4.We don't always know why:
Sometimes when we don't know why something happens, we have to come to a place of trust - have the faith that whatever the outcome is in our best and highest good. For example: Let's say Donna was on her way to an important interview for her ideal job - an opportunity she had worked towards for over 10 years. While driving, she realized she forgot her portfolio at home. She drove back home, got what she needed and drove off to her interview. Luck had it that she encountered lots of traffic and arrived 45 minutes late. The potential boss refused to see her and she lost her ‘dream' job. Although it seems like a disaster, it may have been a blessing. For all we know, if Donna would have had her portfolio and continued to drive, she would have got into a life threatening accident or maybe she would have got the job but ended up with a bully as a boss. We really don't know but ultimately, no matter what happens in our life, we must trust that it is in our bes t and highest good.
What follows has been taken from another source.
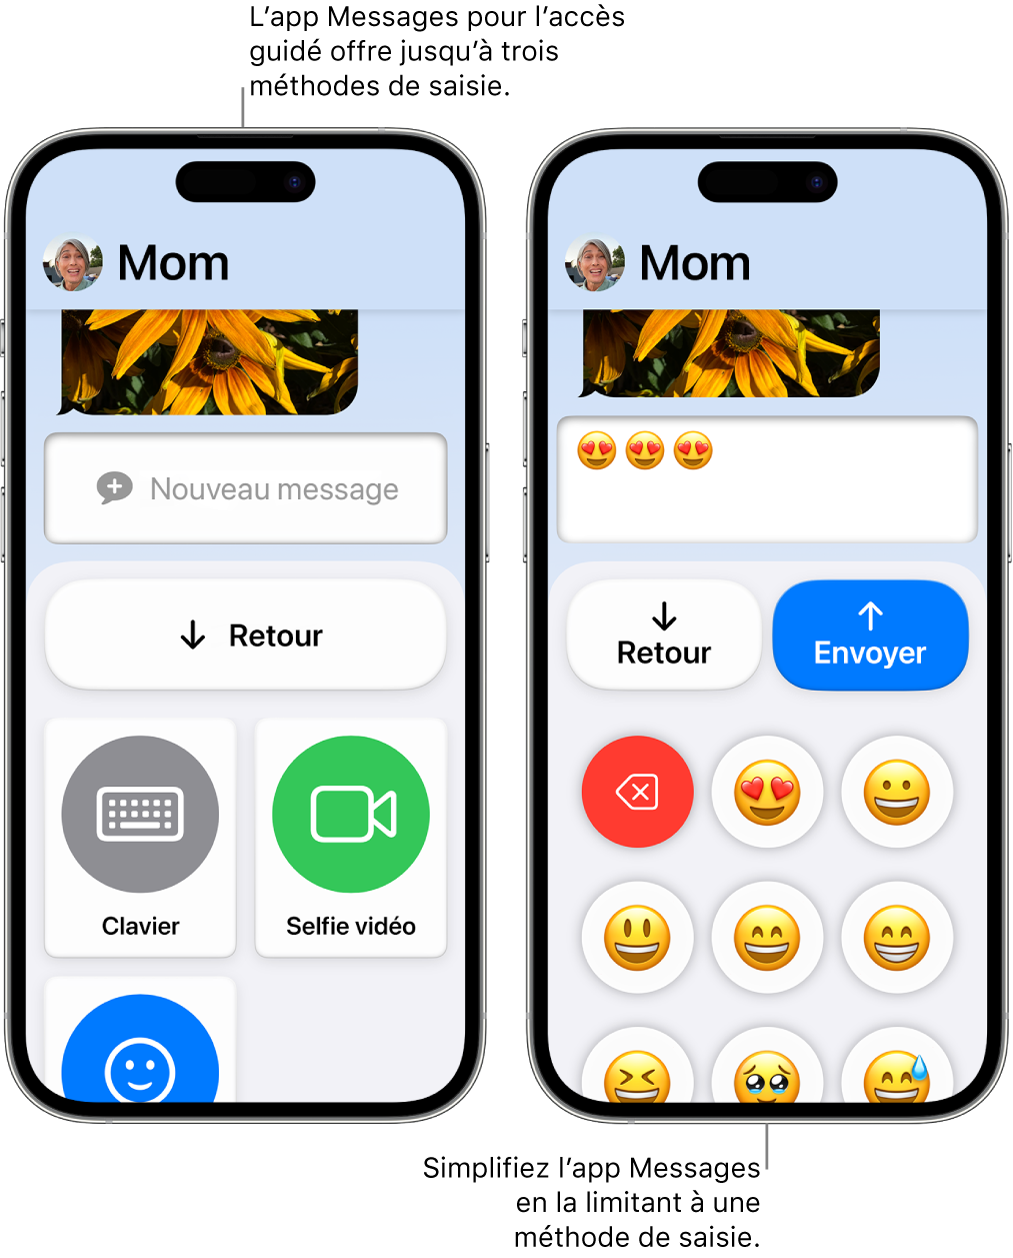 Deux iPhone dans Accès d’aide. Un iPhone affiche l’app Messages avec des méthodes de saisie proposées à l’utilisateur, comme Clavier et « Selfie vidéo ». L’autre affiche un message en cours d’envoi à l’aide d’un clavier composé uniquement d’Emoji.
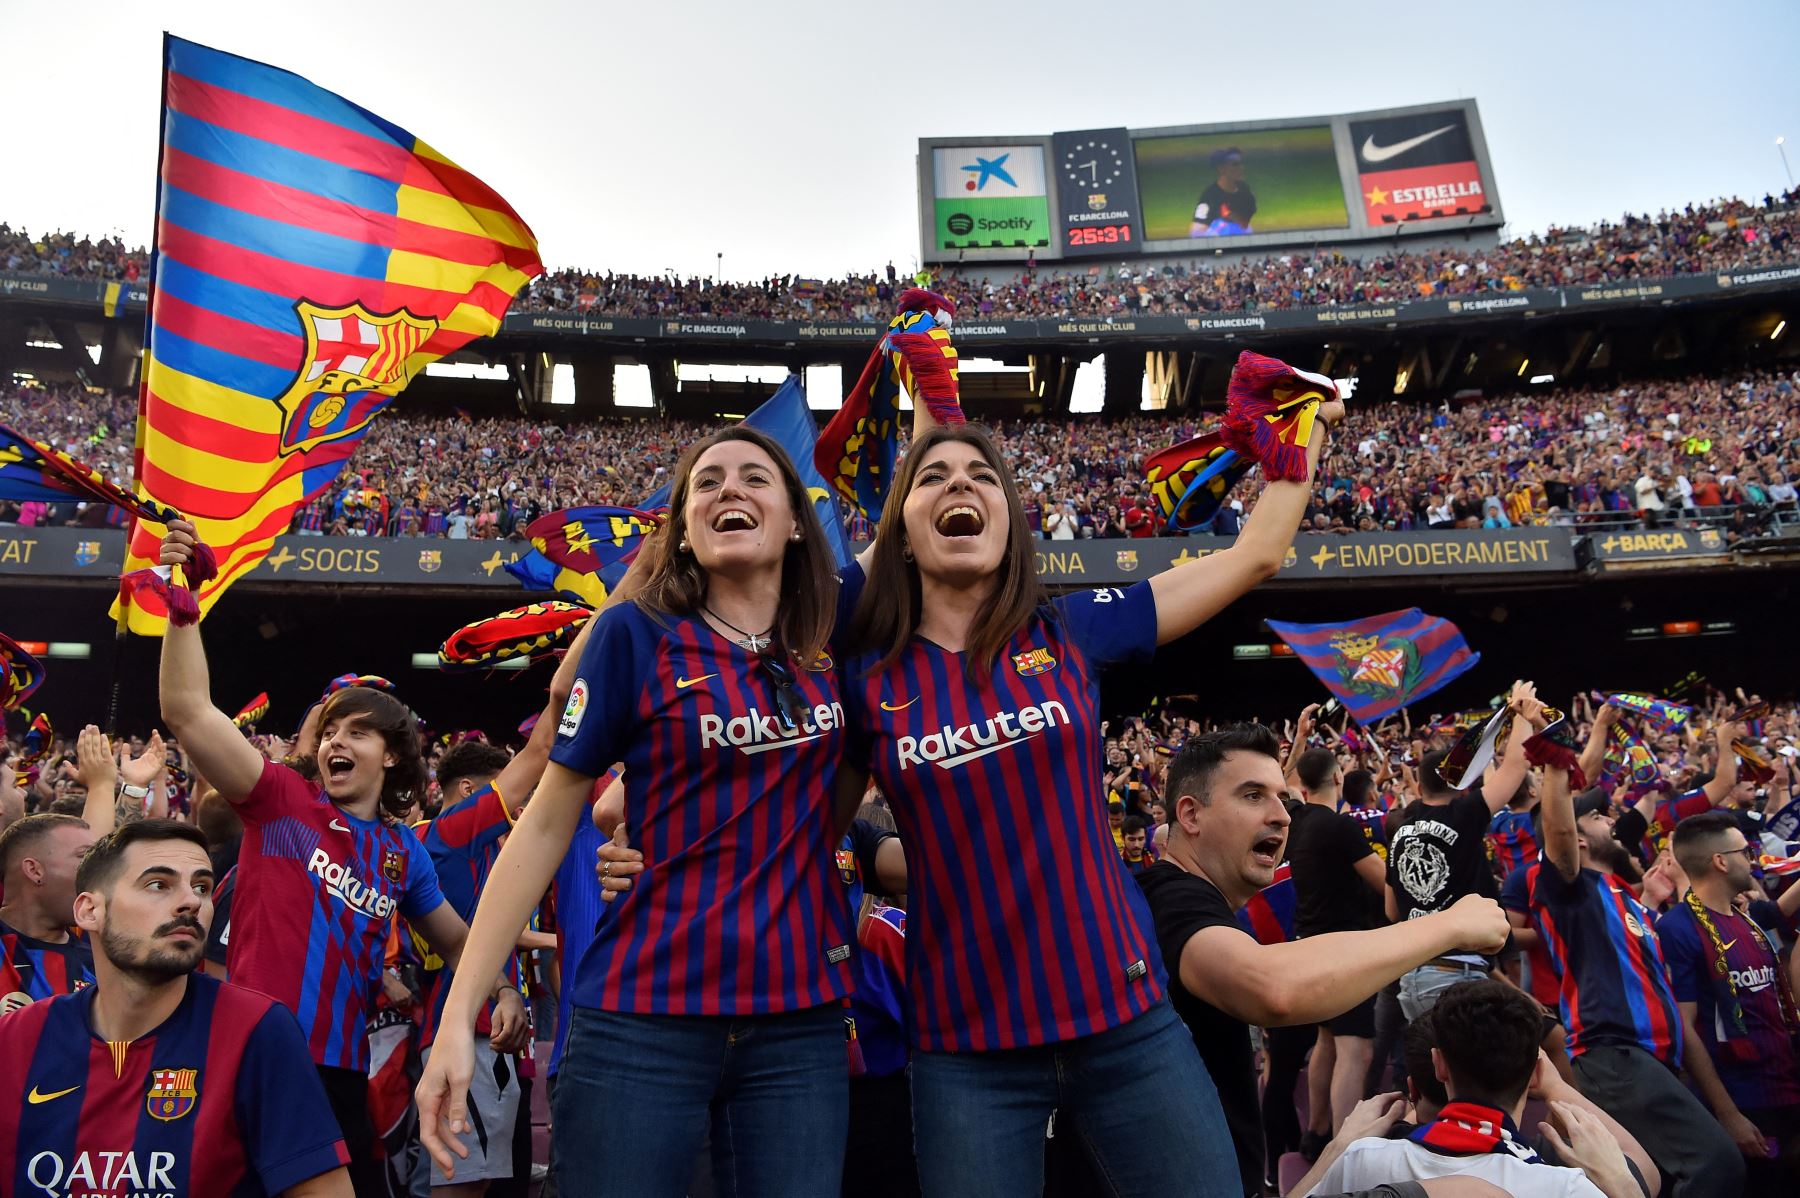 La afición celebra durante el partido de fútbol de la liga española entre el FC Barcelona y el RCD Mallorca, el último partido que se celebra en el estadio del Camp Nou antes del inicio de las obras de construcción del nuevo estadio del Camp Nou de Barcelona. Foto:ANDINA/AFP

When things don't go as planned, look inside and start asking questions: Is there a belief or negativity within me that has blocked my good? Is there something I need to learn from this so I can have success next time? If all seems clear, then perhaps there is a better route for you or the timing needs to be right. Ultimately, we must always know that everything happens for a reason, so have faith that all will unfold as it needs to.